Kleine Gewerbebetriebe entlasten, indem sie nicht jede Kleinigkeit schriftlich dokumentieren müssen, war auch ein Thema im Wahlkampf. Mittlerweile hört man verdächtig wenig darüber. Dabei müssen die KMUs müssen laut einer Studie jetzt schon 19,3 Stunden pro Woche dafür aufwenden, um behördliche Auflagen oder überschießende Richtlagen zu erfüllen! Laut WKO-Umfrage ist der Bürokratieaufwand in den letzten drei Jahren für sechs von zehn Unternehmern angestiegen.
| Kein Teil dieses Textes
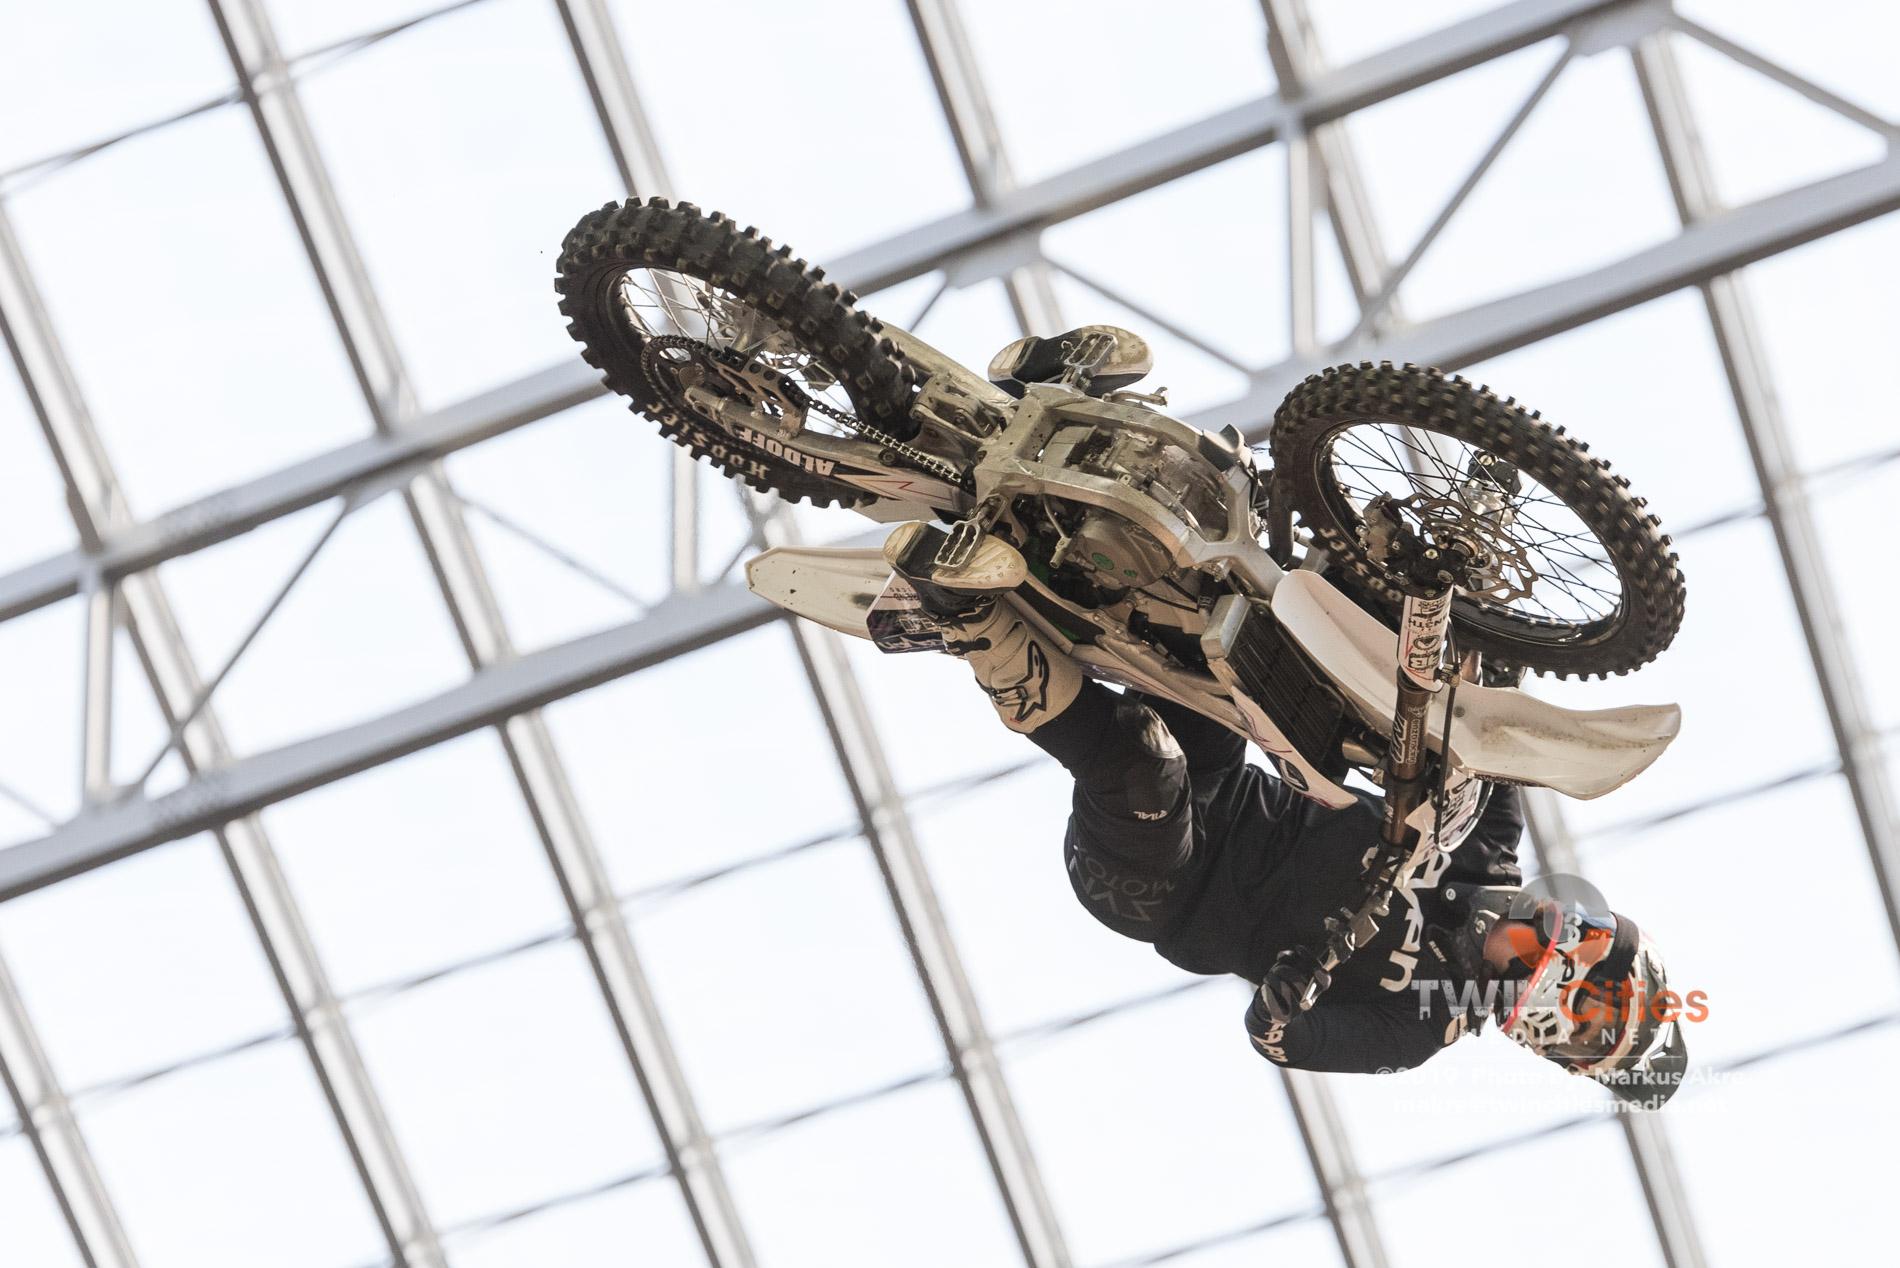 2019-X-Games-Day-1-Moto-X-Practice-3

Genehmigungen, die Jahrzehnte (!) dauern, sind bei uns keine Seltenheit. Es gibt zwar schon Versuche zur "Verfahrensbeschleunigung". Doch in der Praxis hat sich nicht wirklich viel geändert. Der berühmte Satiriker Ephraim Kishon hat es humorvoll auf den Punkt gebracht: "Von allen Plagen, mit denen Gott der Herr unser Wirtschaftsleben heimsucht, ist die Bürokratie die weitaus schlimmste. Die Bürokratie ist nicht etwa ein Versagen der Regierung. Das glauben nur die Optimisten. Die Bürokratie ist die Regierung selbst."